Below is the data. Give it again, complete and exact.

(Items listed in a dataset)
=-=-=

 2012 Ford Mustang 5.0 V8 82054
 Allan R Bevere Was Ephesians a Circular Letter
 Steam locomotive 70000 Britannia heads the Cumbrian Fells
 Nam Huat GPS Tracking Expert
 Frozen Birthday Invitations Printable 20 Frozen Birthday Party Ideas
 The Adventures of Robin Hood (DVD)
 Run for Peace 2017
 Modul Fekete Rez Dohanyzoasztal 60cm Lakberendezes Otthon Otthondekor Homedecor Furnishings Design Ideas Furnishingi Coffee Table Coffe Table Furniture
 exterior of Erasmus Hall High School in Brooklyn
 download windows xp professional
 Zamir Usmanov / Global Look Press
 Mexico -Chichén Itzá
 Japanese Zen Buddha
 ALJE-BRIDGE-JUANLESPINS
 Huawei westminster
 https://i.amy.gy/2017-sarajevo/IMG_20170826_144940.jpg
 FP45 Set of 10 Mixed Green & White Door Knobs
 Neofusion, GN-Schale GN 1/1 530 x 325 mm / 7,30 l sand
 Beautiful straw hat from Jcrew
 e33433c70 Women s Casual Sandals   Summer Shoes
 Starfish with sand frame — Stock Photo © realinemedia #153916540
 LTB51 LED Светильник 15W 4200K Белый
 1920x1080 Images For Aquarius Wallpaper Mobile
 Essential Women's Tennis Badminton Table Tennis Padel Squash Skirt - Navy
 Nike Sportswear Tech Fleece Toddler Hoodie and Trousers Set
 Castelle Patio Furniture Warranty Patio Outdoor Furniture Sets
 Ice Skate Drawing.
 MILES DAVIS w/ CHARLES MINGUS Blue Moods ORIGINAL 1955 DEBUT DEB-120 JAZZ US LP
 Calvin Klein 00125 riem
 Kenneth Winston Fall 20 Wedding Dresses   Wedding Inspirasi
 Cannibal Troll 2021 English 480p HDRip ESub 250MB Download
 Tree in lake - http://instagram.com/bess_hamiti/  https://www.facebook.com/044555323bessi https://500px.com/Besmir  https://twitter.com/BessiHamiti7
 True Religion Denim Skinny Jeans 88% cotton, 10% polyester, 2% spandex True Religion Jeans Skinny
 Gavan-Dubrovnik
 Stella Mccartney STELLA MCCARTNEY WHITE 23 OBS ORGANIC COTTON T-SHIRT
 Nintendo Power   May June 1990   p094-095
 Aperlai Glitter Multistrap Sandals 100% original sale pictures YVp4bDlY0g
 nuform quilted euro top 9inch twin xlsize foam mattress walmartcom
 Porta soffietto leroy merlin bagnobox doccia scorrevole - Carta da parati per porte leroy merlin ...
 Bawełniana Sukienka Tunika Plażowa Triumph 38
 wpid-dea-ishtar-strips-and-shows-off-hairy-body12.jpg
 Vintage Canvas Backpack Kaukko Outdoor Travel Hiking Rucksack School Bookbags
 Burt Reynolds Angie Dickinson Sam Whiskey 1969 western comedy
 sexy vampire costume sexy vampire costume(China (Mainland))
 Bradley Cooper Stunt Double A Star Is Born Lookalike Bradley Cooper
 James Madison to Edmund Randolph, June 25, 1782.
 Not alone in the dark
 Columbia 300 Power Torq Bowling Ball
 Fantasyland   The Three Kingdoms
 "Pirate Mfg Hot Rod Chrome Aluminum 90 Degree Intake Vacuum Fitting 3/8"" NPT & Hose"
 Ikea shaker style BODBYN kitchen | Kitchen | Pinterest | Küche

=-=-=

Task result >>
 2012 Ford Mustang 5.0 V8 82054
 Allan R Bevere Was Ephesians a Circular Letter
 Steam locomotive 70000 Britannia heads the Cumbrian Fells
 Nam Huat GPS Tracking Expert
 Frozen Birthday Invitations Printable 20 Frozen Birthday Party Ideas
 The Adventures of Robin Hood (DVD)
 Run for Peace 2017
 Modul Fekete Rez Dohanyzoasztal 60cm Lakberendezes Otthon Otthondekor Homedecor Furnishings Design Ideas Furnishingi Coffee Table Coffe Table Furniture
 exterior of Erasmus Hall High School in Brooklyn
 download windows xp professional
 Zamir Usmanov / Global Look Press
 Mexico -Chichén Itzá
 Japanese Zen Buddha
 ALJE-BRIDGE-JUANLESPINS
 Huawei westminster
 https://i.amy.gy/2017-sarajevo/IMG_20170826_144940.jpg
 FP45 Set of 10 Mixed Green & White Door Knobs
 Neofusion, GN-Schale GN 1/1 530 x 325 mm / 7,30 l sand
 Beautiful straw hat from Jcrew
 e33433c70 Women s Casual Sandals   Summer Shoes
 Starfish with sand frame — Stock Photo © realinemedia #153916540
 LTB51 LED Светильник 15W 4200K Белый
 1920x1080 Images For Aquarius Wallpaper Mobile
 Essential Women's Tennis Badminton Table Tennis Padel Squash Skirt - Navy
 Nike Sportswear Tech Fleece Toddler Hoodie and Trousers Set
 Castelle Patio Furniture Warranty Patio Outdoor Furniture Sets
 Ice Skate Drawing.
 MILES DAVIS w/ CHARLES MINGUS Blue Moods ORIGINAL 1955 DEBUT DEB-120 JAZZ US LP
 Calvin Klein 00125 riem
 Kenneth Winston Fall 20 Wedding Dresses   Wedding Inspirasi
 Cannibal Troll 2021 English 480p HDRip ESub 250MB Download
 Tree in lake - http://instagram.com/bess_hamiti/  https://www.facebook.com/044555323bessi https://500px.com/Besmir  https://twitter.com/BessiHamiti7
 True Religion Denim Skinny Jeans 88% cotton, 10% polyester, 2% spandex True Religion Jeans Skinny
 Gavan-Dubrovnik
 Stella Mccartney STELLA MCCARTNEY WHITE 23 OBS ORGANIC COTTON T-SHIRT
 Nintendo Power   May June 1990   p094-095
 Aperlai Glitter Multistrap Sandals 100% original sale pictures YVp4bDlY0g
 nuform quilted euro top 9inch twin xlsize foam mattress walmartcom
 Porta soffietto leroy merlin bagnobox doccia scorrevole - Carta da parati per porte leroy merlin ...
 Bawełniana Sukienka Tunika Plażowa Triumph 38
 wpid-dea-ishtar-strips-and-shows-off-hairy-body12.jpg
 Vintage Canvas Backpack Kaukko Outdoor Travel Hiking Rucksack School Bookbags
 Burt Reynolds Angie Dickinson Sam Whiskey 1969 western comedy
 sexy vampire costume sexy vampire costume(China (Mainland))
 Bradley Cooper Stunt Double A Star Is Born Lookalike Bradley Cooper
 James Madison to Edmund Randolph, June 25, 1782.
 Not alone in the dark
 Columbia 300 Power Torq Bowling Ball
 Fantasyland   The Three Kingdoms
 "Pirate Mfg Hot Rod Chrome Aluminum 90 Degree Intake Vacuum Fitting 3/8"" NPT & Hose"
 Ikea shaker style BODBYN kitchen | Kitchen | Pinterest | Küche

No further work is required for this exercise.